Yeats treasures to go on display in National Library

PRICELESS family treasures belonging to William Butler Yeats were handed over to the National Library of Ireland yesterday for its first major exhibitionon the Nobel prize-winning poet.

Yeats treasures to go on display in National Library

The hoard includes poems, portraits and a precious Japanese sword given to Yeats during a lecture tour of the US in 1920.

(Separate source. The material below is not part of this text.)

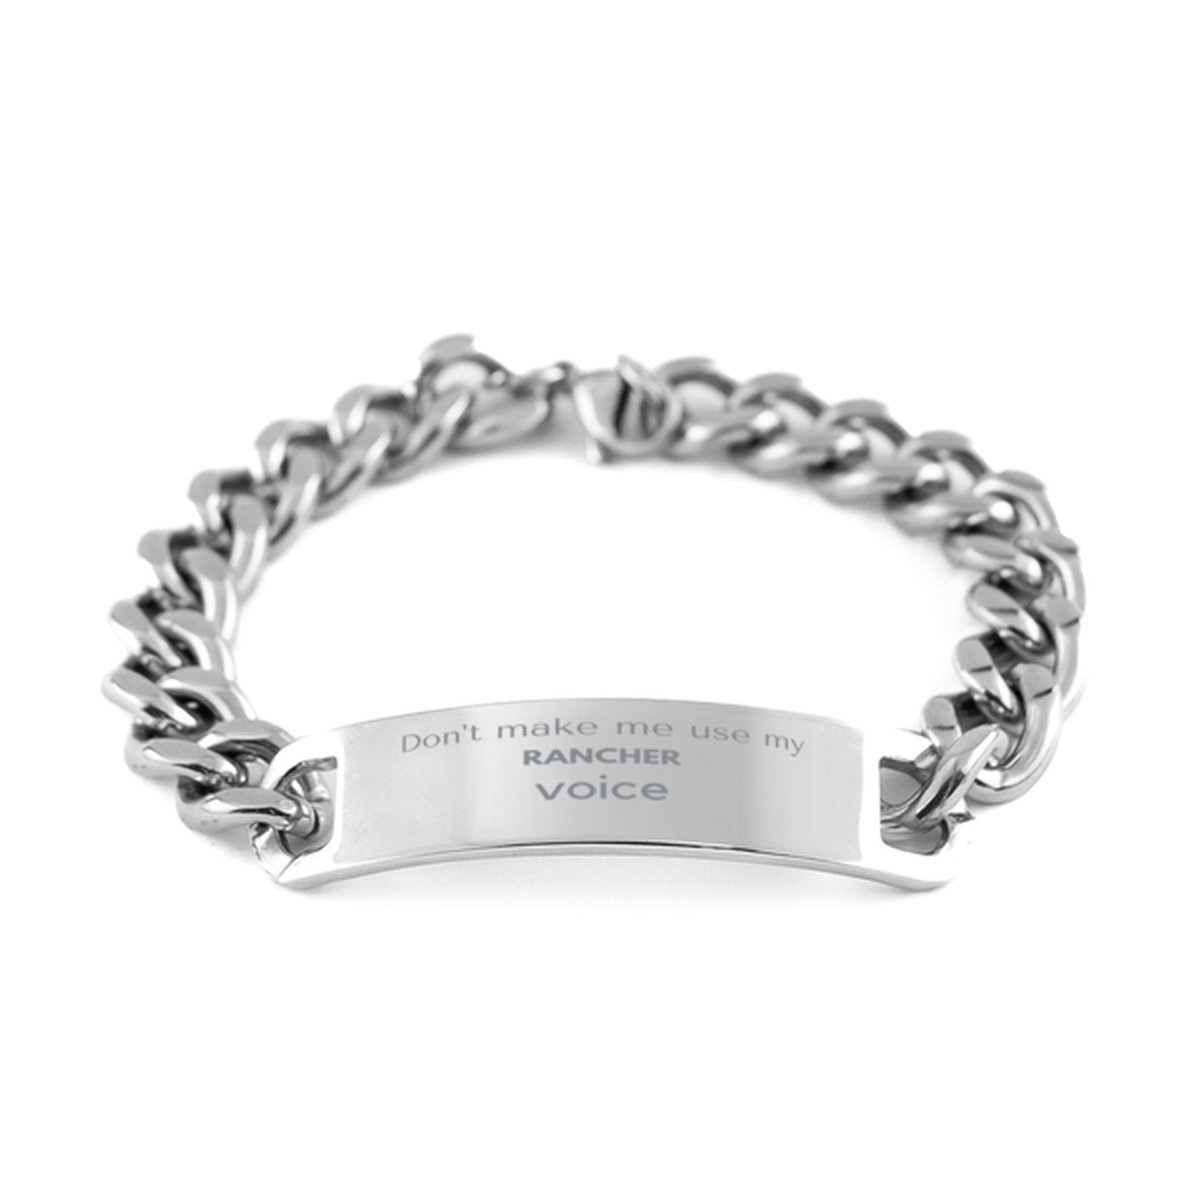 Don't make me use my Rancher voice, Sarcasm Rancher Gifts, Christmas Rancher Cuban Chain Stainless Steel Bracelet Birthday Unique Gifts For Rancher Coworkers, Men, Women, Colleague, Friends

The material will be given to the library on loan by Yeats’s son Michael for the forthcoming exhibition, Yeats: the life and works of William Butler Yeats, due to open later this year.

“This will be the first major exhibition developed by the National Library on the great poet and we are indebted to the Yeats family for their support,” said National Library director Aongus Ó hAonghusa.

“It will draw on a wide range of Yeatsian scholarship and will attempt to engage with all the major aspects of Yeats’s life and works to give a comprehensive view of him.”

The family material will feature an illuminated copy of the Lake Isle of Innisfree, printed by Yeats’s sister Elizabeth, and portraits of Yeats’s wife George by artists Edmund Dulac and John Butler Yeats.

The Japanese sword being donated was described in Yeats’s poem Meditations in Time of Civil War.

The artifacts will augment the library’s permanent collection of Yeats manuscripts and books donated by the family over many years, including manuscripts or early printed versions of most of Yeats’s best-known poems.

The material being assembled for the exhibition will also include previously unseen pictures of Yeats and Maud Gonne on loan from Anna White, grand- daughter of Maud Gonne.